Europa - was soll das denn sein? - Zur Inter- bzw. Transnationalität
Emma: Ich bin auch ganz viel darüber gestolpert, über diesen Namen „Internationales europäisches Theaterfestival“, das sind drei so harte Framings, [die anderen beiden lachen] also mit „international“ würde ich heute [lachend] gar nicht mehr hantieren wollen, weil das immer noch von Nationen ausgeht - und ich weiß auch, dass das ein Begriff ist mit einer komplizierten politischen Geschichte, aber ich versuche inzwischen von einem „transeuropäischen Festival“ zu reden. Und lande dann bei so einem redundanten [lachend] „Joah, Transeuropa ist ein transeuropäisches Festival“ [die anderen lachen auch]. Ich tu mich superschwer mit dieser Setzung „Europa“. Was würdest du denn sagen: Wo sind Potenziale von so einer Setzung, wie es jetzt zum Beispiel auch mit der Europäischen Kulturhauptstadt ist.
Caro: [lachend] Oh! Emma: Ja, heute ist mein Tag der großen Fragen [lacht].

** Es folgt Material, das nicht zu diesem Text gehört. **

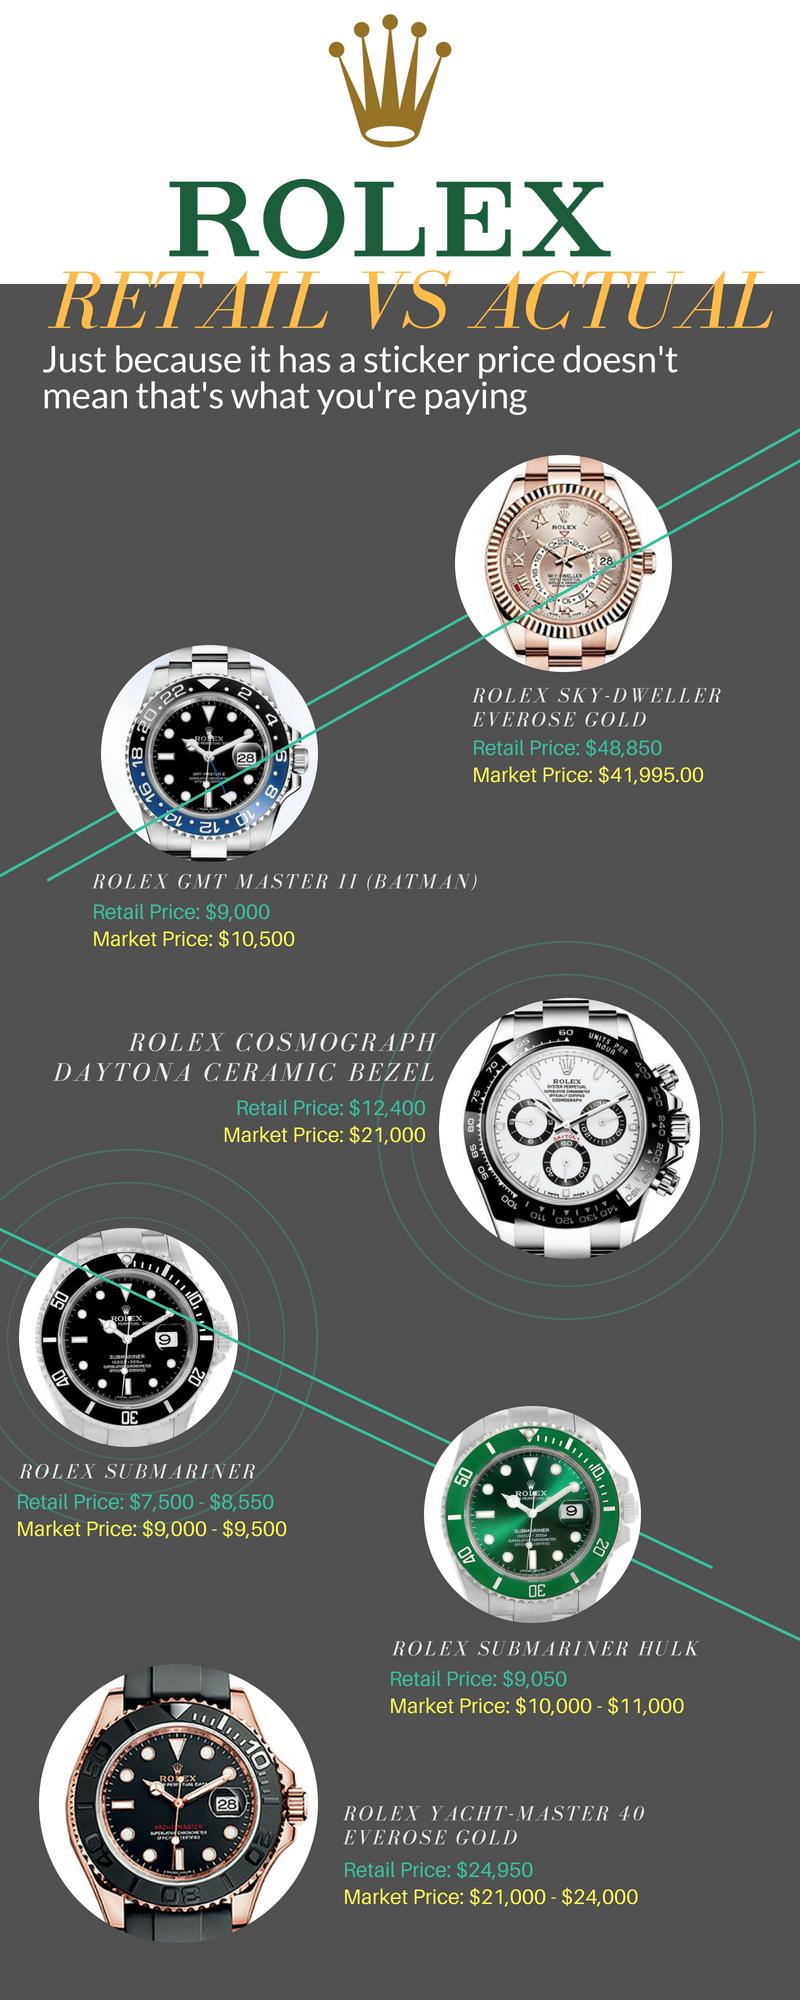 Rolex Prices Retail Vs Actual Market
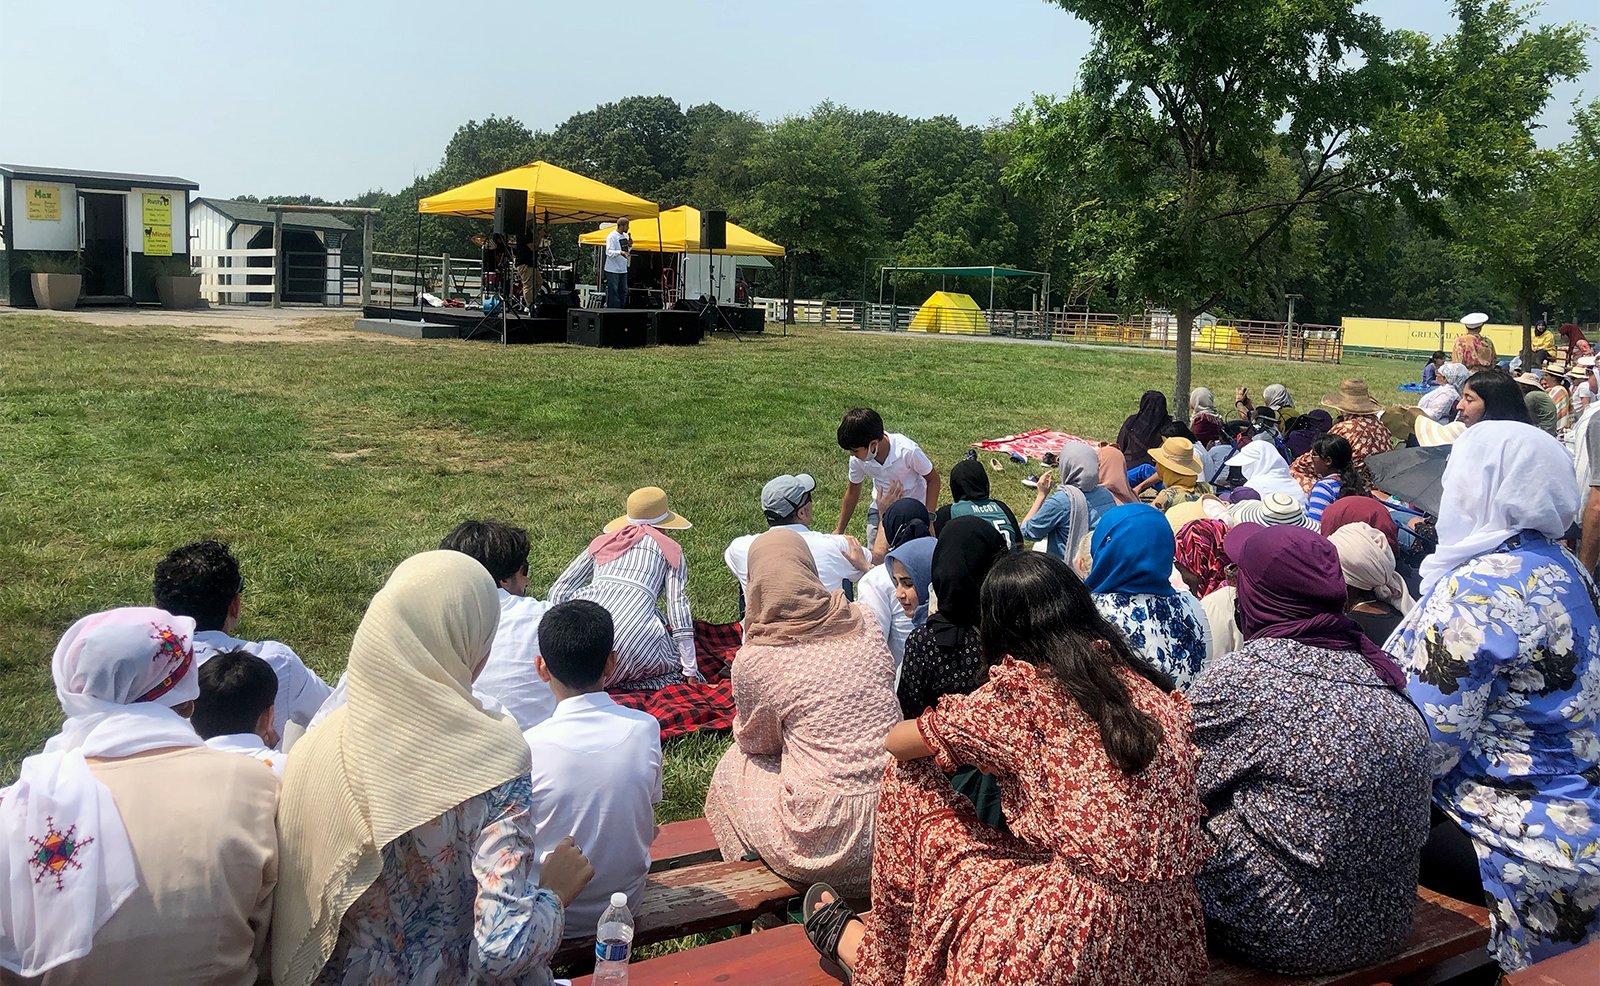 Мусульмане Мэриленда отмечают Ид аль-Адха фермерским карнавалом

Caro: Das ist so eine von den Lieblingsfragen, weil ich echt gemerkt habe, als ich angefangen habe für dieses Kulturhauptstadt-Europas-Ding zu arbeiten, da hab ich gedacht: „Das geht alles gar nicht!“ Ich meine: Seit Jahrhunderten hat Europa das Problem, dass sie einfach nicht aus diesem zentralperspektivischen „Wir sind der Mittelpunkt der Welt und jetzt orientieren wir uns mal in alle Richtungen und so“ rauskommen. Und das war irgendwie so echt mein großes Einstiegsproblem, wie man überhaupt dieses „Europa“ da jetzt so featuren soll. Sei es, egal jetzt, in transeuropa oder in europäische Kulturhauptstadt. Und dann irgendwann habe ich so kapiert: Naja ok. Es gibt so Werte, wie zum Beispiel Demokratie und Freiheit, an die ich tatsächlich glaube und glauben will. Und die sich auch, meiner Ansicht nach, übertragen lassen von so einem nationalstaatlichen, veralteten Denken in eins, das vielleicht tatsächlich für den Planeten funktionieren könnte. Das war dann so der erste Ansatzpunkt, wo ich dachte „Okay!“. Wenn man sich bestimmte Werte rauspickt und sagt: Dafür kann jetzt vielleicht Europa glücklicherweise seit 80 Jahren stehen, weil es irgendwie keinen Krieg gab und solche Dinge. Dann fängt es an, dass man damit vorangehen kann. Und dann fängt es auch an, dass man, finde ich, so Setzungen machen kann, die dann auf eine andere Weise wieder funktionieren.
Eva: Ja, aber gerade bei dieser Frage „international, Nationen und Grenzen“, also ich habe keine Ahnung, wie das zu deiner Transeuropazeit war, aber bei uns war da sofort eine natürliche Abwehrhaltung. Und dann war auch diese Frage: „Mit welchen Partnerländern wollen wir eigentlich dieses Festival ausrichten?“ - Es gab ja ganz, ganz viele Ausgaben, und so hat das ja auch begonnen, das ganze Transeuropa, nämlich um so Partnerschaften jenseits des Eisernen Vorhangs mit dem sogenannten „Westen“ zu stärken und so weiter und so fort. Und dann haben wir uns überlegt: „Gibt es Partnerländer, mit denen wir irgendwie gut können?“ Wir haben eine ganze Liste gemacht, haben uns da eingearbeitet, haben geguckt: wo machen wir gerne Urlaub? Wo kommen eigentlich unsere Lieblingskünstler*innen her? - und so weiter und so fort. Es war schier nicht zu lösen.
Emma: [lachend] ungefähr 50 Mal haben wir geguckt: Was ist eigentlich „Europa“? [Eva stimmt lachend zu]: Ja genau!
Caro: Ja, geographisch? Politisch?
Emma: Geschichtlich?
Eva: Der beste Fun Fact ist, dass wir rausgefunden haben, dass selbst Kasachstan geographisch zu Europa gehört.
Emma: [lachend] Aber nur zur Hälfte?
Eva: Nein, nur zu fünf Prozent der Fläche!
Emma: [lachend] Ok.
Eva: Zu fünf Prozent der Fläche - wahrscheinlich ist dieser Anteil größer als ganz Deutschland - gehört selbst Kasachstan zu Europa. Wir wussten jedenfalls nicht, wie gehen wir vor, und haben dann am Ende gesagt: „Gut, wir machen überhaupt gar keine Partnerländer“.